I Find Australia by William Hatfield
The title of this book is what first drew me to it. I love finding old books written in the last couple of centuries by Australian men who journeyed the country and wrote about it – or created enticing characters that did. Books like Under the Coolibah Tree, Paving the Way and A Fortunate Life. Such books educate in the best possible way. They’re like the old forgotten church down the street with possums nesting in its roof and scratches in its pews. Yet they move – they dawdle along until they surprise you by rushing ahead in a burst of energy. Sometimes they get you lost and sometimes they leave you behind, but they’ll always come back for you. And when they do, it’s with an equal amount of zeal and just the right amount of pity so that you feel sorry for them and keep reading.
Published in 1937, I Find Australia is an autobiography, a memoir, written in first-person and telling the story of author William Hatfield’s experience rambling across Australia and writing about it.
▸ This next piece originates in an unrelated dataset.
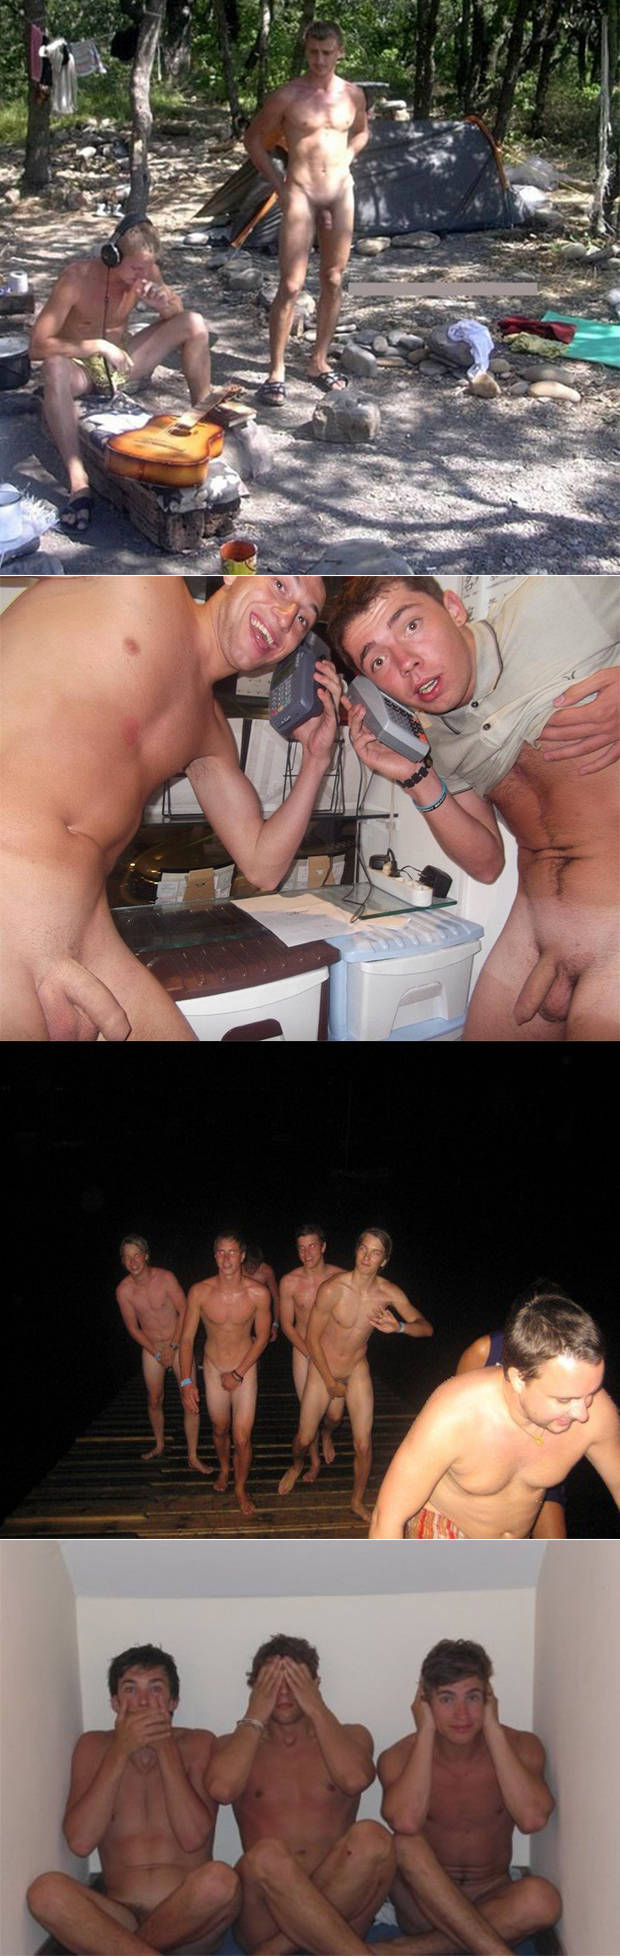 naked amateur men pics hd pic

Hatfield’s voice is witty and deep, but private and somewhat removed from the reader. This I don’t mind – it’s dignified, something I admire in a person. To read I Find Australia is to read the account of a life that was adventurous and mundane all at the same time. It’s the hard yakka of outback dryness and the solid personality of your mates; it’s the mishaps and the deadliness and the calm that goes with them; it’s the dingoes padding around your swag at night; it’s droving the cattle across the moon; it’s going places in life.
The book begins in 1912. William Hatfield arrives ‘the greenest greenhorn’ from England in Port Adelaide in the middle of summer. He walks down to Glenelg and spends his first night sleeping beneath an upturned boat on the sand. From there, it’s station-hand to stockman to drover to kangaroo-shooter and back again; from painter to dingo-trapper to miner to writer. Hatfield does so much. That’s what I like about his book. It’s a jack-of-all-trades tour across early 20th century Australia. Up until the last page, Hatfield’s jumping from job to job, and place to place until he winds up a Sydney-sider and singing the city’s praises.
There are times when Hatfield dips into technicalities a bit – massive tangents that the reader tries to follow but ends up getting lost. Sometimes getting lost is nice but getting lost too much on the one trip is exhausting. Reading I Find Australia I was lost too much. In one instance Hatfield started talking about rifles and bullets and calibre and the like and my concentration wandered so far, I was very much at his mercy. I didn’t want to hear about all that, yet I read it because I thought I might learn something. I didn’t. However, I attribute that to laziness and ignorance on my part. William Hatfield’s innovation has nothing to do with it!